The Best of New York City’s Luxury Tech Show

Products included smart jewelry and a gadget that detects antibiotics in food

28 April 2015
For those who think they have it all, last month’s Luxury Technology Show in New York City reminded its visitors that they could have more. A self-tracking golf bag starting at US $15,000 or a weatherproof outdoor TV that costs $8,399 were just some of the items featured. For those who are the more practical types, however, there were several products I found to not only be relatively affordable, but also useful. I may have been swayed by the free champagne, but here are a few items I considered charging to my credit card.

  1. The Peloton Bike


    Getting to the gym after a long day’s work can be difficult, and using the equipment you already have at home is sometimes even less appealing, especially if no one is there to hold you accountable. Peloton, an indoor cycling company, helps solve both those problems by wirelessly streaming live spin classes right to its bikes’ 55-centimeter touch screens for customers to use in the comfort of their homes. The classes are taught by top instructors, and help provide a motivational aspect similar to participating in group fitness classes. Moreover, users can track their progress with the bike’s interactive display, which shows distance, speed, and calories burned over time, and also compares stats with other customers.

  2. Cuff

    Starting at $49

    For those who find fitness trackers and other wearables unattractive or inconvenient to wear, consider Cuff. While the smart jewelry can be mistaken for an ordinary fashion accessory, Cuff’s products have built-in sensors that serve a variety of functions. They can buzz when someone is trying to reach you by phone, track your physical activity for the day, or even call for help in case of an emergency. The app that syncs with the jewelry allows users to designate a contact person (or even an entire Facebook network) to send out an alert when they are in danger by pressing a button on their accessory. Those contacts will automatically receive the user’s location, live audio, and other information to get the person help.

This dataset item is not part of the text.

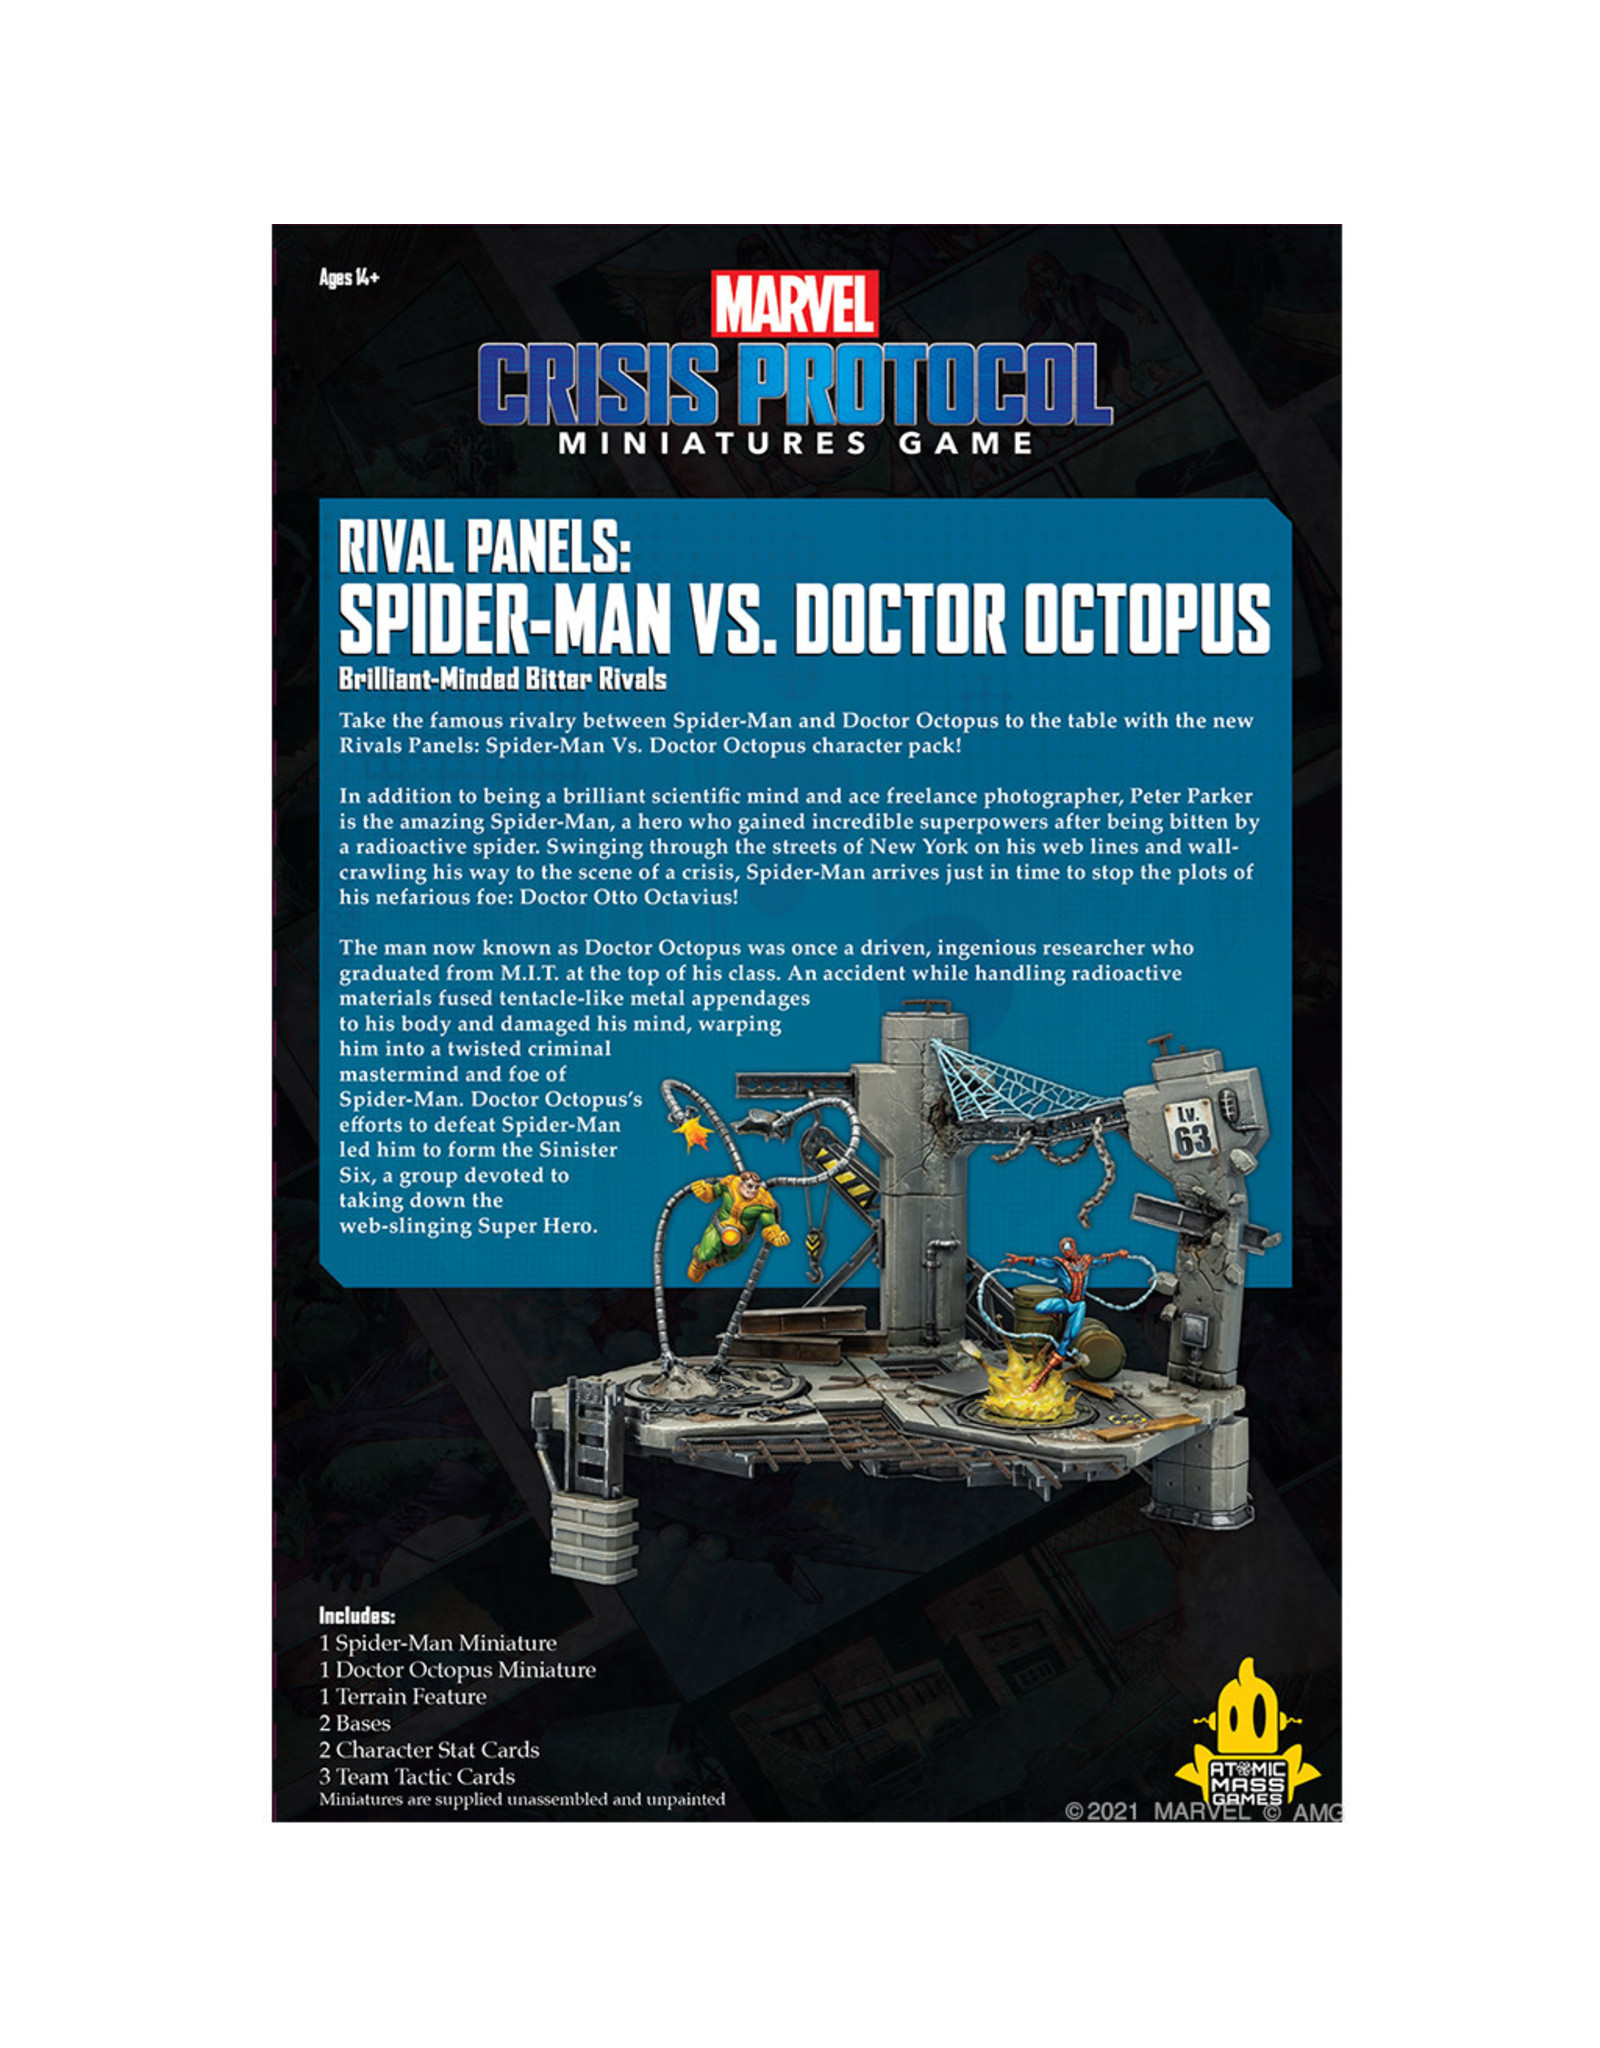 Atomic Mass Games Marvel: Crisis Protocol - Rival Panels - Spider-Man VS. Doctor Octopus

    Moreover, the system allows users to decide how to use various functions. For example, they can choose to set it so that pressing the button twice means a call for help. The accessories connect wirelessly to the Cuff app using Bluetooth and are compatible with most IoS and Android systems. The company even offers a jewelry box that is equipped with a charger, which will keep the battery alive for seven days.

  3. Penguin


    If you don’t entirely trust the “organic” and “all-natural” food labels, then you might be inclined to get the Penguin, a device that can check your groceries for antibiotics, which have been known to cause resistance to the drug in children as well as adults. Consumers can place a small piece of poultry, fish, or dairy product onto a cartridge with built-in electro-chemical nanosensors and then insert it inside the gadget to be analyzed. In two minutes, the screen will display how much antibiotic residue is present and will tell you whether the item is safe to eat. The gadget also can detect pesticides in fruits and vegetables as well as acidity, sodium, and glucose levels in other foods.  

  4. Petcube


    If I had a pet, I would most certainly want to check in on it while I’m away. The Petcube, a block-shaped gadget that is a cube 10-centimeters provides a 138-degree wide-angle camera view so that owners can watch their pets from their smartphones. It also provides a two-way audio stream through a built-in microphone and speaker so that not only can you hear your pets, but they also can hear you. Owners can place Petcube on the floor or any spot in the home. The Petcube app also lets users capture videos of their pets to share with others.

  5. InBody

    Starting at $5,495

    After all that working out and eating right (and virtually playing with your pet), you might want to use this machine to see the payoff. InBody is a digital scale that can break down body composition by muscle, fat, and water weight in less than a minute. Using a bioelectrical analysis method, the device sends out electrical currents that allows the scale to measure a variety of metrics, some of which are as specific as how well muscles are developed and how much fat is stored in each area of the body, such as the abdomen and arms. It even estimates how many calories a user burns while at rest.           

    It also can store data from previous weigh-ins and compare progress over time, making it a great tool for fitness trainers and physicians as well to help people target problem areas and personalize workouts and treatments.